La situation à la frontière entre la Biélorussie et la Pologne met donc tristement sur le devant de la scène ce que Mbembe décrit : des personnes réduites à l’état précaire de corps racisés, sacrifiables, des morts-vivants qui voient leur existence instrumentalisée dans un jeu géopolitique froid dans lequel ils/elles ont tout à perdre et rien à gagner.

Entre le visible et l’invisible

Si le scénario n’est pas nouveau, force est de constater que les champs médiatique et politique se concentrent principalement sur les enjeux géopolitiques et diplomatiques de cette crise. Pire encore, on nous parle même parfois des « tentatives de plus en plus violentes de forcer les barrières et les rouleaux de fils barbelés de la frontière » de la part des personnes migrantes, contribuant ainsi directement à la construction de ces personnes comme une « menace ». Le pas de côté nécessaire pour saisir l’absurdité de cette situation et de son traitement politique et médiatique n’a dès lors nul besoin d’être très grand. En prenant pour acquis le narratif sécuritaire européen face à la migration, les médias invisibilisent de fait les mécanismes qui sous-tendent cette situation dramatique alors que, comme beaucoup d’autres, elle constitue une occasion de plus de rendre visible la violence structurelle subie par des personnes migrantes. Et, cette violence subie est à l’œuvre non seulement à nos frontières, dans l’horreur des « camps de réfugiés », mais également au quotidien dans nos rues, nos administrations, nos institutions.
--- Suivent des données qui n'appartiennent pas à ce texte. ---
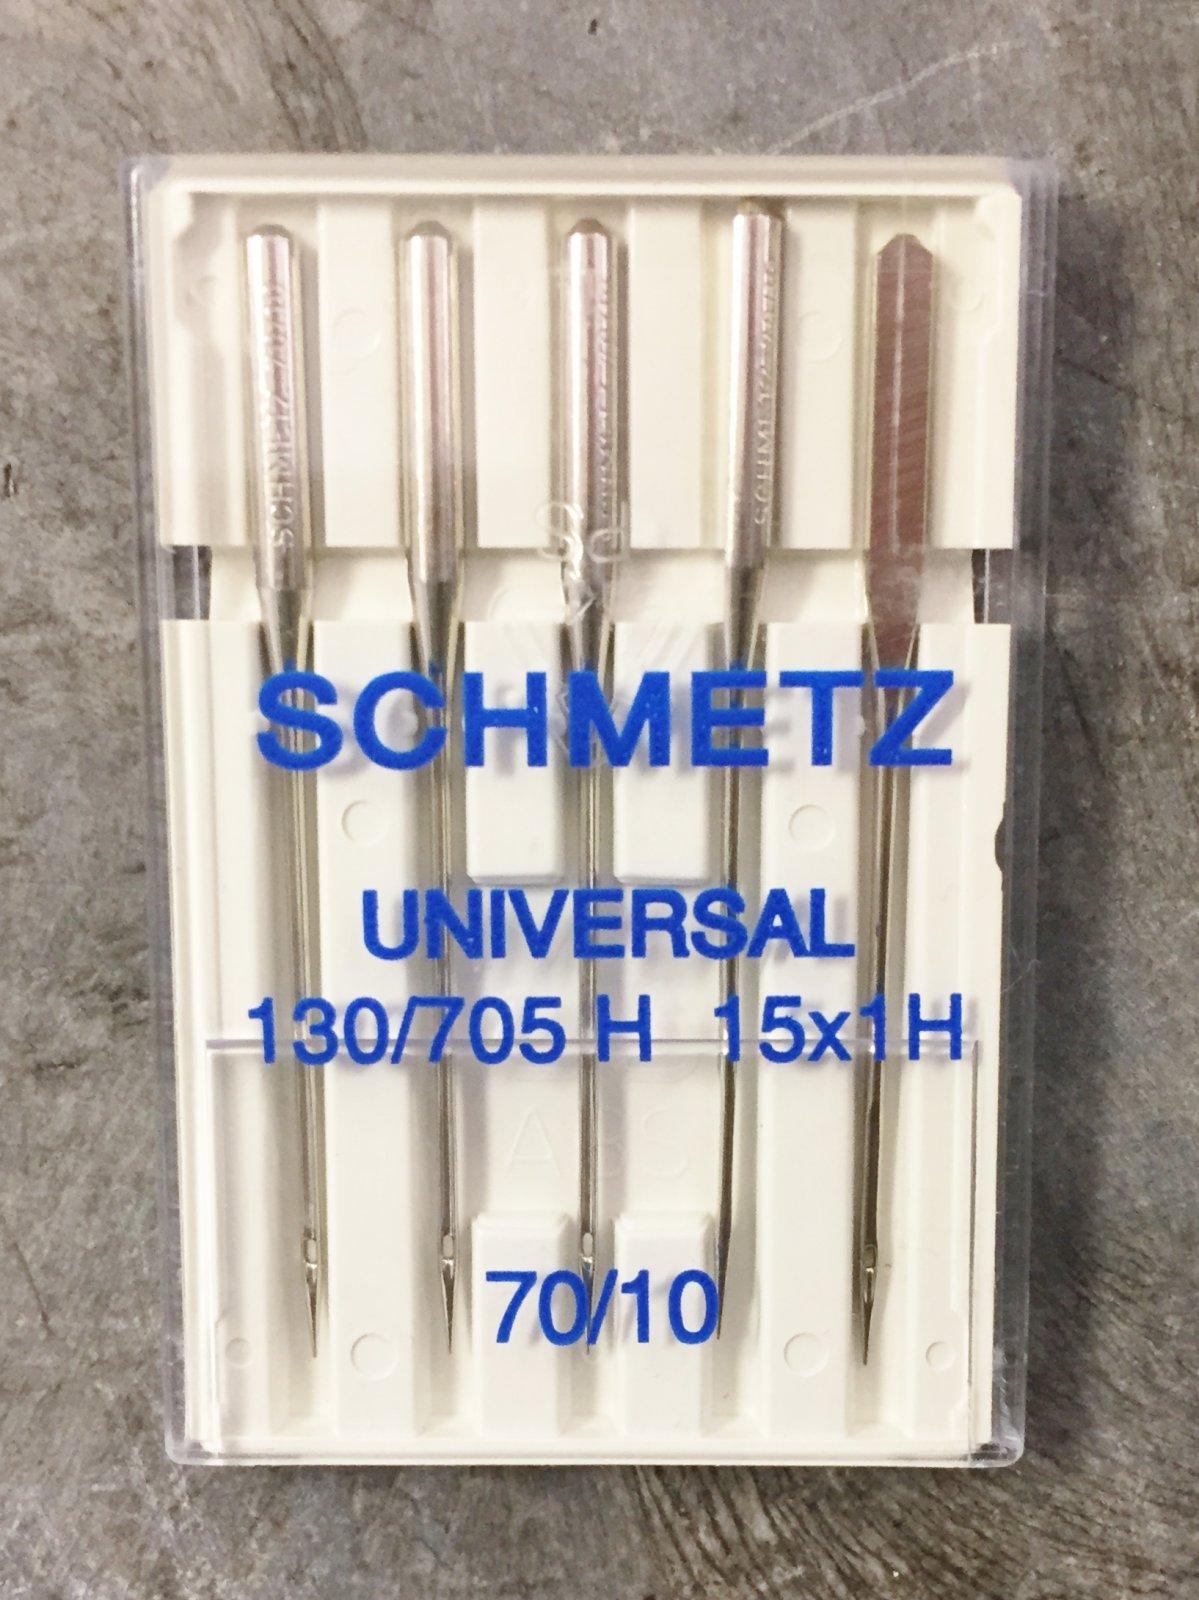 70/10 UNIVERSAL SCHMETZ

Comme l’avance le politologue Yves Winter – reprenant Engels – cette invisibilité est notamment construite par le fait que cette situation est perçue comme normale, naturelle, dans la mesure même où elle est reproduite à travers les générations. [2] En d’autres termes, si notre société connaît pertinemment les conditions terribles dans lesquelles les personnes migrantes et d’autres populations précaires vivent, elle ne les reconnaît pas forcément, car les mécanismes à l’œuvre ne sont pas toujours tangibles. Il n’empêche que les violences structurelles ont autant – voire plus – d’effets négatifs sur la vie de ces personnes.

Appelons donc à passer d’une connaissance passive de la situation à une reconnaissance active du problème qui amènera à une réaction structurelle. Plutôt que de s’affairer à militariser une frontière, les pays européens devraient plutôt réfléchir ensemble afin que la mobilité humaine redevienne un droit égalitaire pour tout groupe social ou national, et non plus un enjeu sécuritaire et politisé. Les individus et institutions devraient questionner ces rouleaux de fils barbelés aux frontières plutôt que de craindre celles et ceux qui sont derrière. Sans un tel changement de perspective et de politique, des personnes continueront à mourir sur l’autel d’une géopolitique myope et inhumaine.


[1] Achille Mbembe, “Nécropolitique”, Raisons Politique 21, 2006, p. 59.

[2] Yves Winter, “Violence and Visibility”, New Political Science 34(2), 2012, p. 198.

Source de la photo mise en avant: Flickr.